*WHAT IS EXPECTED*
Since the pictures are not wanted, retype the listing below exactly and without them.

*INFORMATION PROVIDED*
------
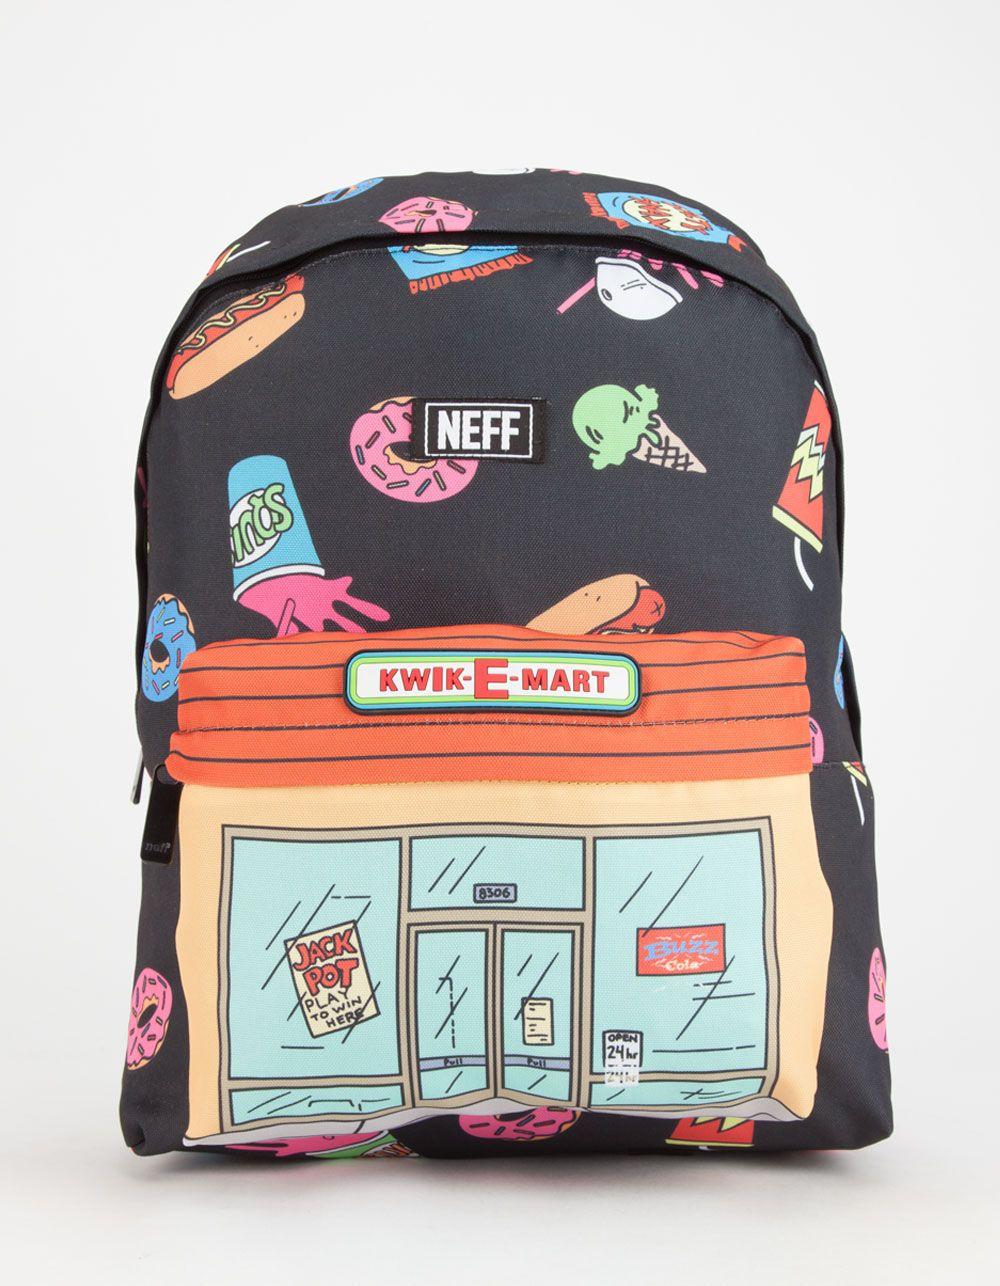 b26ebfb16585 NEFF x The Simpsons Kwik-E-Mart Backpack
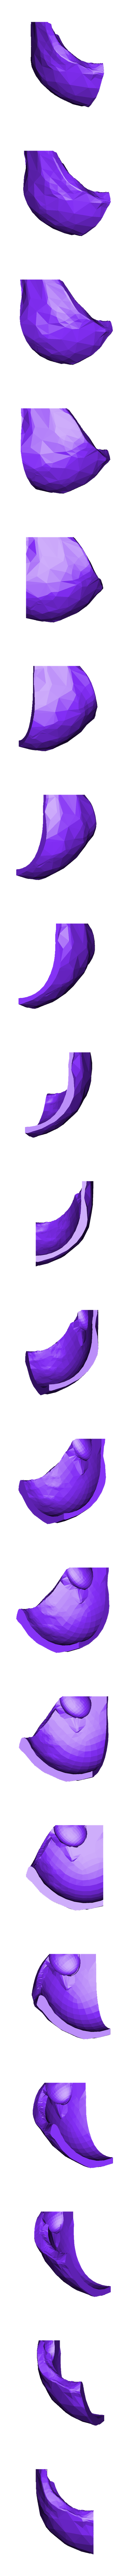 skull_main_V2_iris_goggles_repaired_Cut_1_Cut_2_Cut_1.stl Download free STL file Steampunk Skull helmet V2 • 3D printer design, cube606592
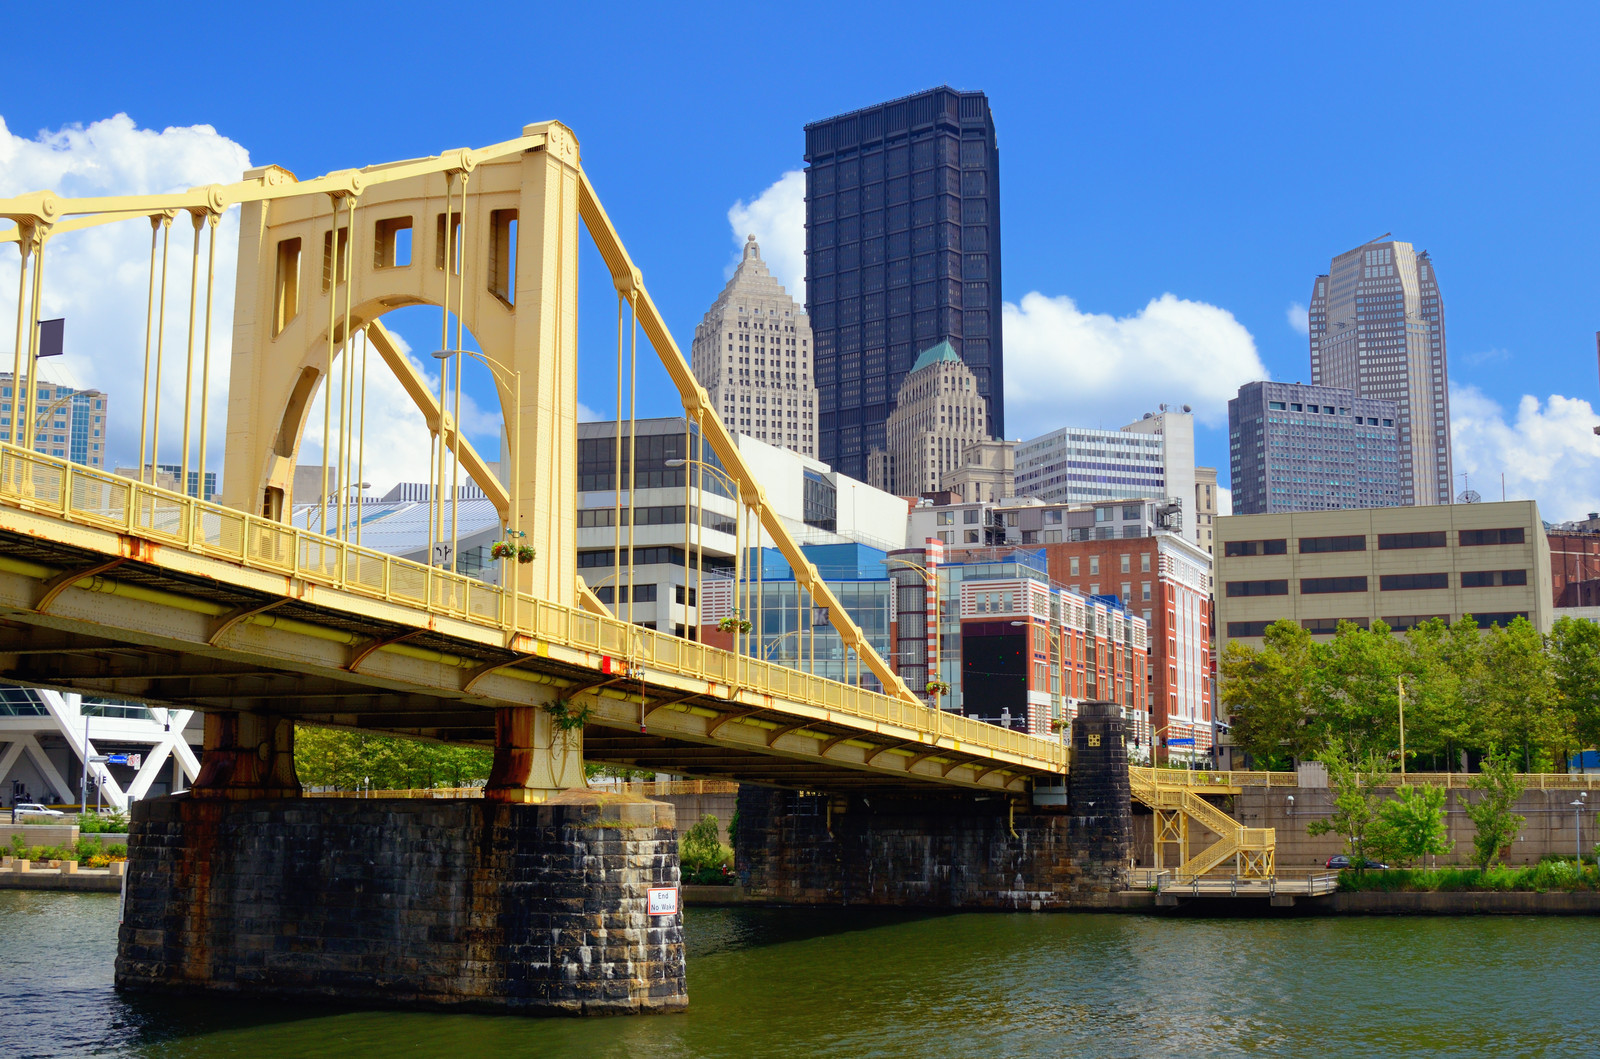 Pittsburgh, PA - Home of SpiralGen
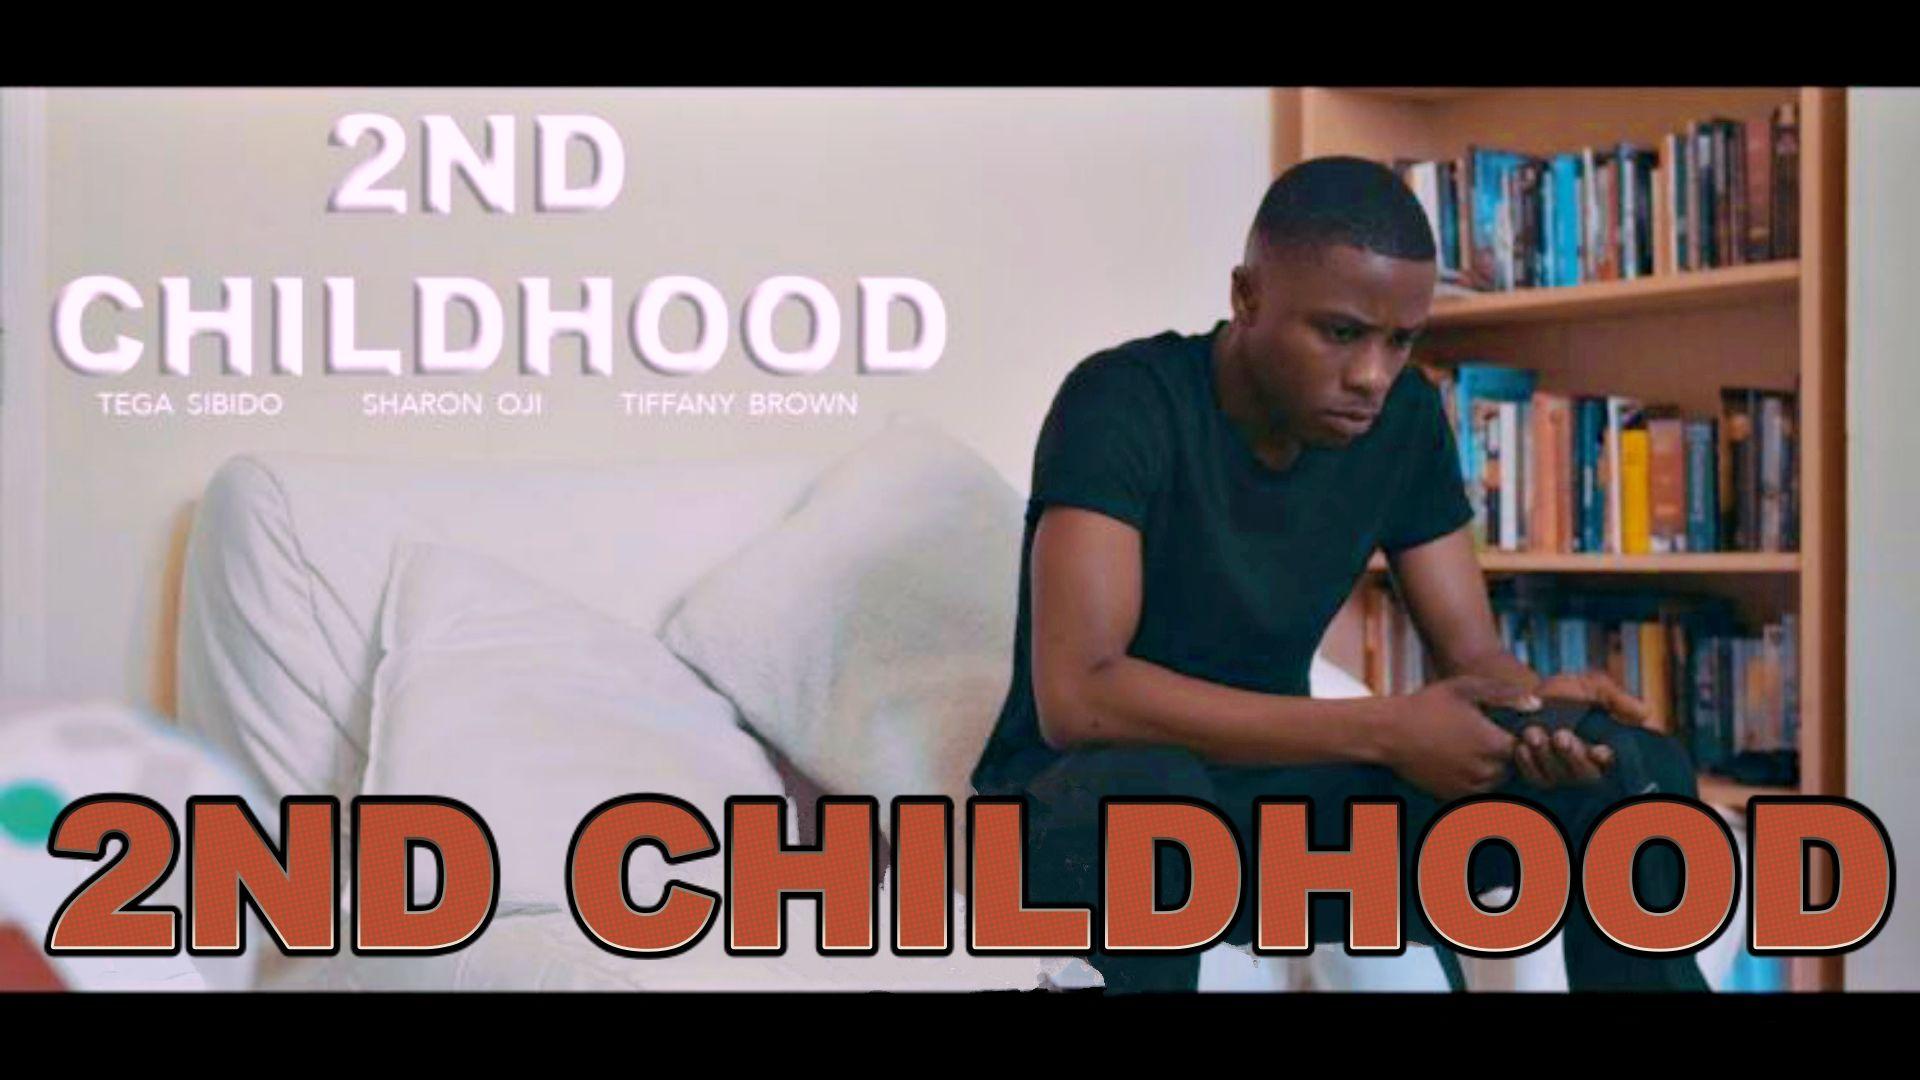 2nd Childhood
------
*WRITTEN REPLY*
 b26ebfb16585 NEFF x The Simpsons Kwik-E-Mart Backpack
 skull_main_V2_iris_goggles_repaired_Cut_1_Cut_2_Cut_1.stl Download free STL file Steampunk Skull helmet V2 • 3D printer design, cube606592
 Pittsburgh, PA - Home of SpiralGen
 2nd Childhood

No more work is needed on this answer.